Dogfish Head’s long-awaited arrival brings three remarkably different beers which you can now find all across St. Louis.
SeaQuench Ale: This refreshing session sour is brewed with lime peel, black lime and sea salt. Dogfish Head partnered with the National Aquarium to source the right blend of sea salt; replicated from Maine and the Chesapeake Bay.
Calagione recently said, “SeaQuench Ale, is the result of more than two years of research, with the goal to make it “the most objectively thirst-quenching beer” we’ve ever produced. It also has only 9 carbs.
Video: What is SeaQuench
60-Minute IPA: The most popular Dogfish Head brew in St. Louis, the 60-Minute IPA has more than 60 hops continuously added over a 60-minute boil. This powerful yet balanced East Coast blend has a lot of citrusy hop character.
Flesh & Blood IPA: Beginning with real citrus, including blood orange juice and lemon flesh, this simple, pure and unadulterated fruit was slowly incorporated with the perfect combination of hops to give a rich, unique flavor.
Calagione’s approach to beer and his immense support of the craft industry is why craft beer fans are fans of his. He recently spoke up on a controversial issue that hit home for many in St. Louis. Recently Anheuser Busch-InBev and its subsidiaries have been acquiring more craft beer related properties ranging from breweries to hop farms. In June, Calagione spoke up about big beer’s marketing of beer made by craft brewers they’ve acquired as well as ZX Venture’s purchase of a portion of the beer website RateBeer.com. He called it “a blatant conflict of interest and requested the site remove all Dogfish Head beer reviews and mentions immediately.

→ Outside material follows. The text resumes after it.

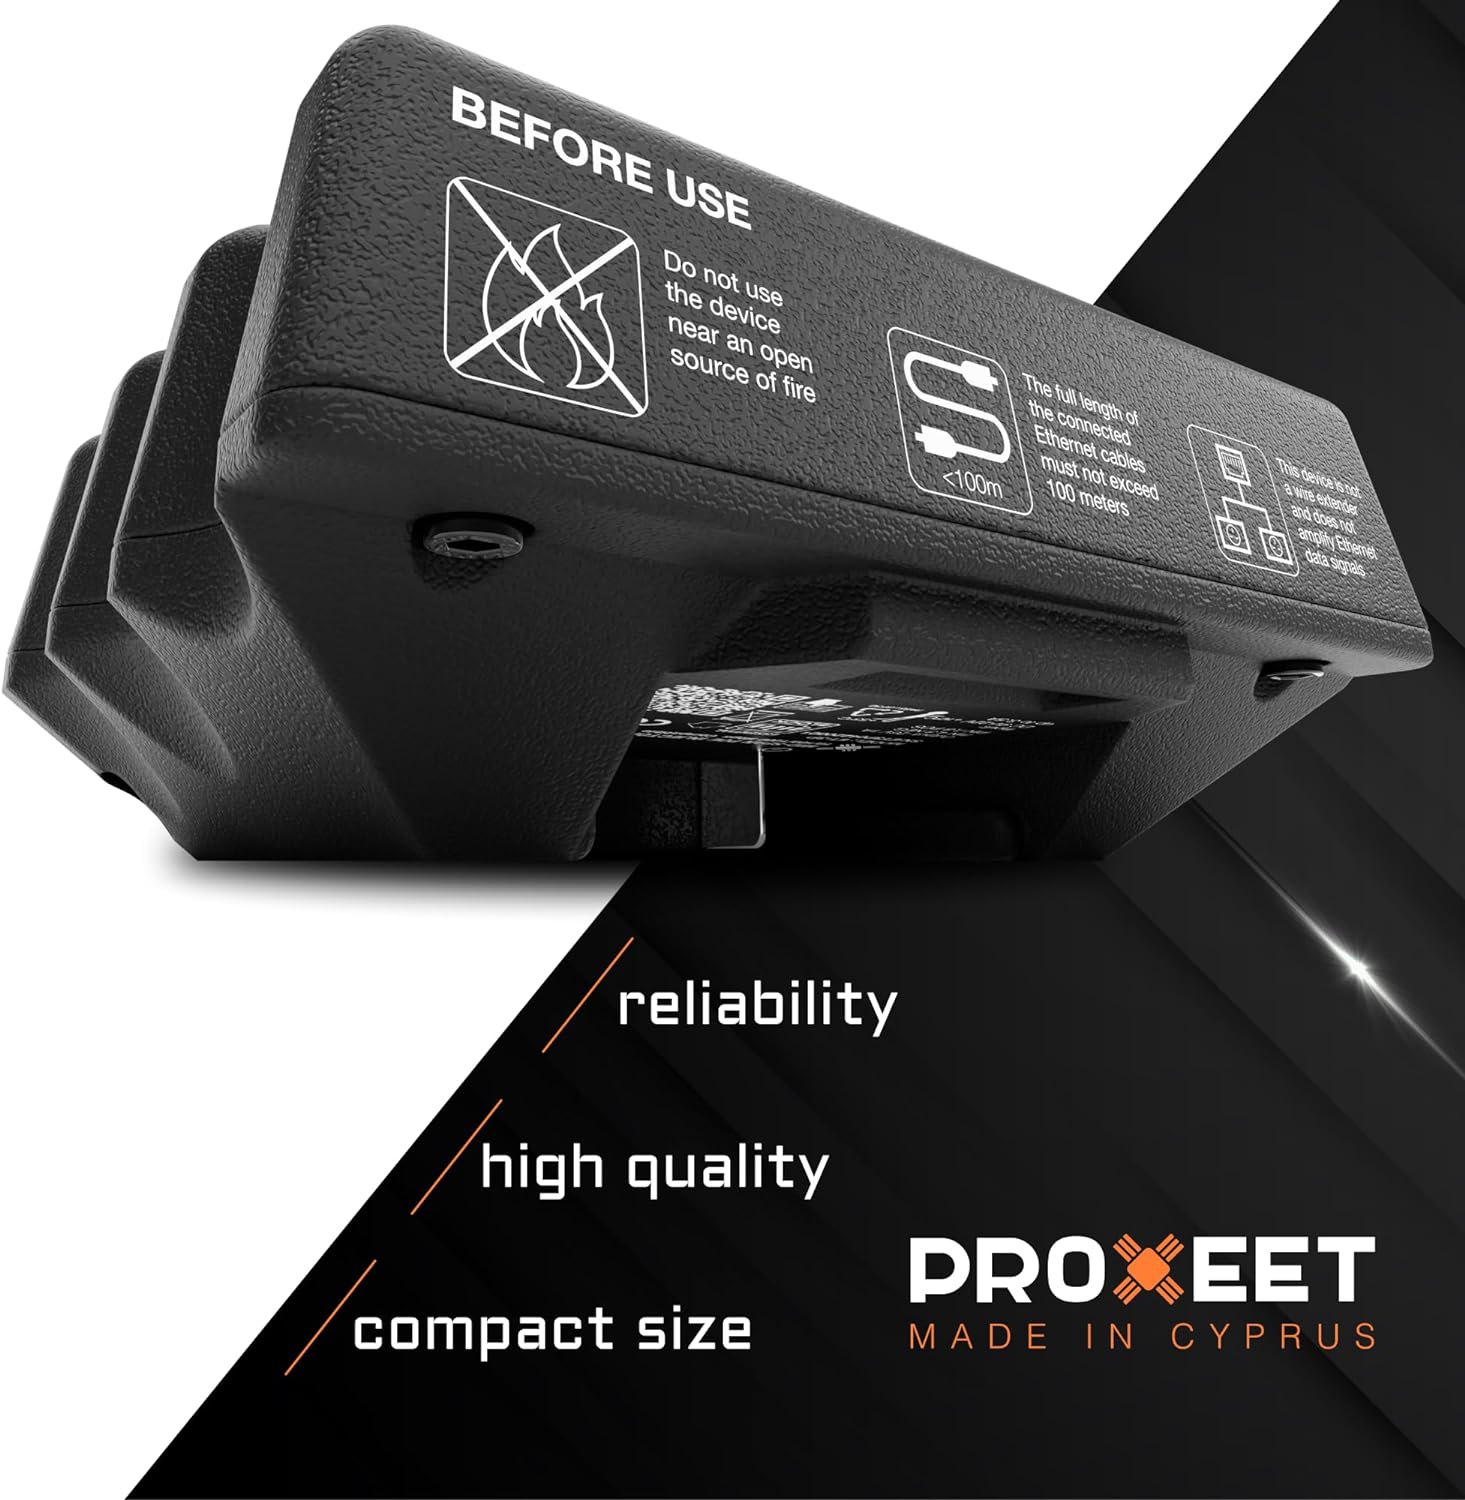 PROXEET ET-2C: Compact Design, Reliable Performance

“First off, there are a lot of talented and excellent people and brewers making good beers and working at AB-Inbev, but from my perspective, I started to see a growing trend and better opportunity for a call to action for more transparency on issues of authenticity, they could really put who owns the beers on the bottles and cans and where they’re really made but they’re still marketed as if they’re coming from these small, regional breweries. So for us it was not a question of quality, frankly, we believe consumer deserves to know who make the beers that they’re drinking.”
Controversy aside, Calagione’s visit to St. Louis was about fun and good beer. His beer is stellar, balanced, delicious, consistent and hopefully, the St. Louis market will see more Dogfish Head beers coming to town.